1AUVA Meidling, Austria
2Department for Evolutionary Anthropology, University of Vienna, Austria
3Sigmund Freud University, Austria
Submission: September 25, 2019; Published: October 11, 2019
*Corresponding author: Hermann Prossinger, Department for Evolutionary Anthropology, Faculty of Life Sciences, University of Vienna, Vienna, Austria
How to cite this article: Boesmueller S, Gerstorfer I, Steiner M, Prossinger H, Fialka C, Steltzer H. Pain Management After Elective Shoulder Surgery: A Randomized Quantitative Study Comparing Hydromorphone With Piritramide. J Anest & Inten Care Med. 2019; 9(4): 555768. DOI: 10.19080/JAICM.2019.09.555768. DOI: 10.19080/JAICM.2019.09.555768
Abstract
Background: Postoperative pain management plays an important role in elective shoulder surgery. Several methods have been investigated so far. The aim of this randomized quantitative study is to compare two frequently used postoperative pain regimes (hydromorphone versus piritramide) regarding onset and duration after the effectiveness of the single-shot interscalene block has diminished.

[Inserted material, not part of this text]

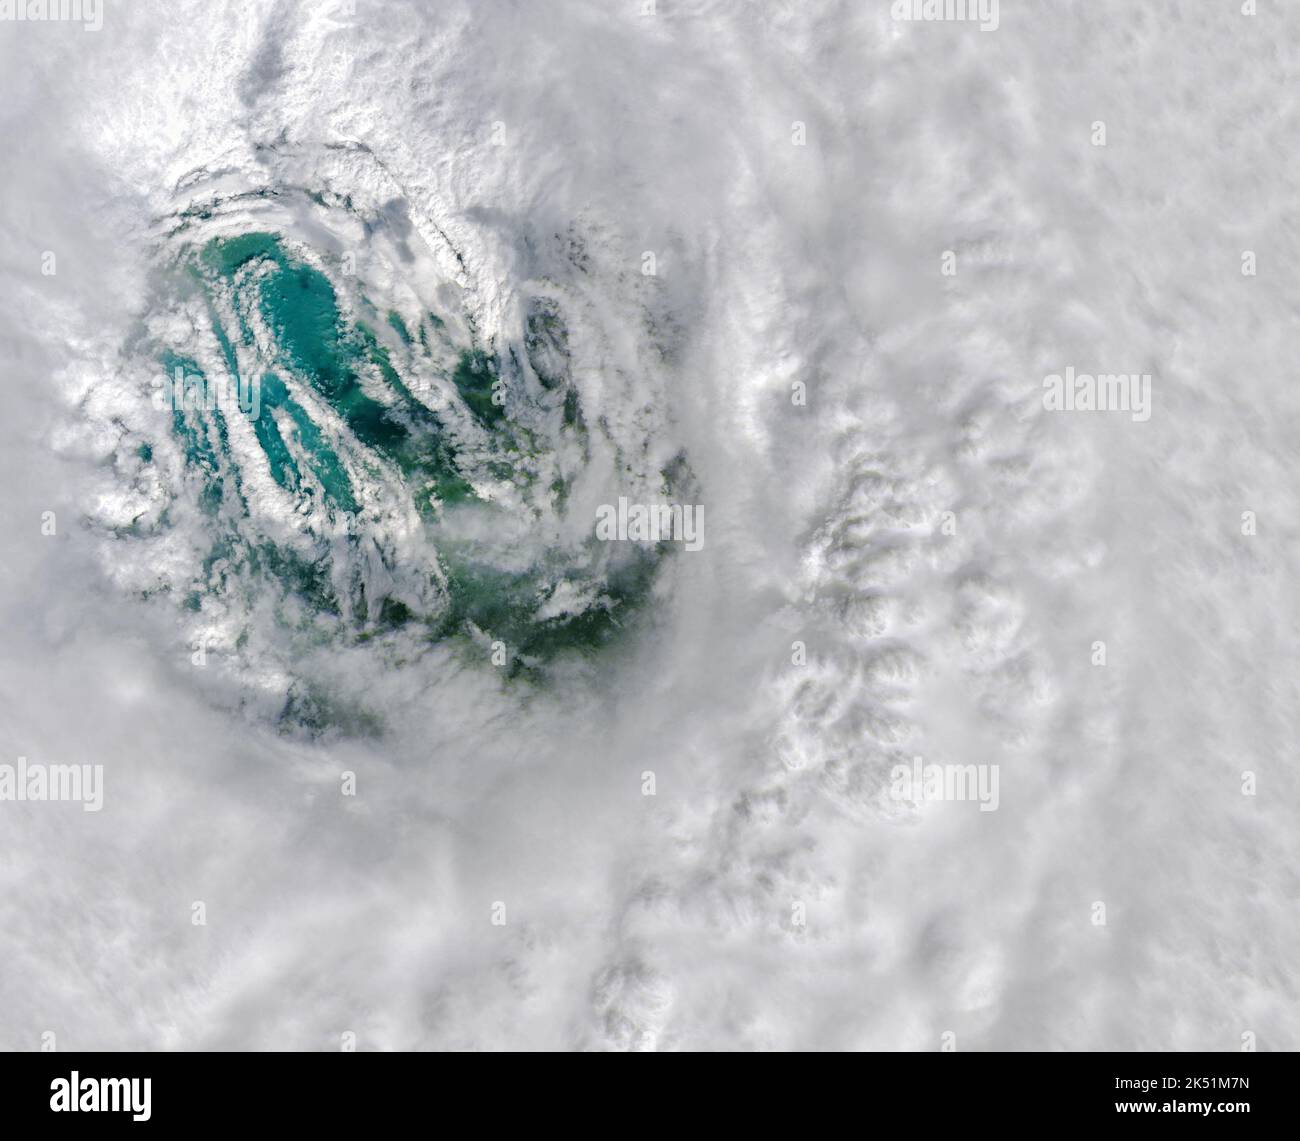 L'Operational Land Imager a bordo del satellite Landsat 8 ha catturato questa immagine a colori naturali dell'occhio dell'uragano Ian il 28 settembre 2022 alle 11:57:00 EDT (15:57:00 UTC), tre ore prima che la tempesta si schiantò nella costa di Caya Costa, Florida. Quando la palpebra di Ian ha fatto il suo approdo, il suo massimo vento sostenuto era di 150 miglia (240 chilometri) all’ora, secondo il National Hurricane Center. Questo è l'equivalente di una tempesta di categoria 4 sulla scala del vento Saffir-Simpson e abbastanza veloce da strappare i tetti fuori casa e schiocco di linee elettriche. L'occhio di un uragano è una zona circolare di tempo giusto al th Foto Stock

Methods: All patients who underwent elective shoulder surgery at our institution agreed to participate in this study. Upon admission patients were assigned membership to group A (hydromorphone) or group B (piritramide) according to the patient number (which ensured randomization). Pain assessment was performed using the numeric rating scale (NRS). For statistical analyses the techniques of maximum likelihood (ML) estimation were used.
Results: Of the 48 patients aged 18–89 years included in this study, 25 were in group A and 23 in group B. Of these 48, 21 in each group registered pain levels above threshold at least once. Shoulder surgery was performed 45 times in an arthroscopic and 3 times in an open technique. Occurrence of highest pain levels was less likely for patients receiving hydromorphone.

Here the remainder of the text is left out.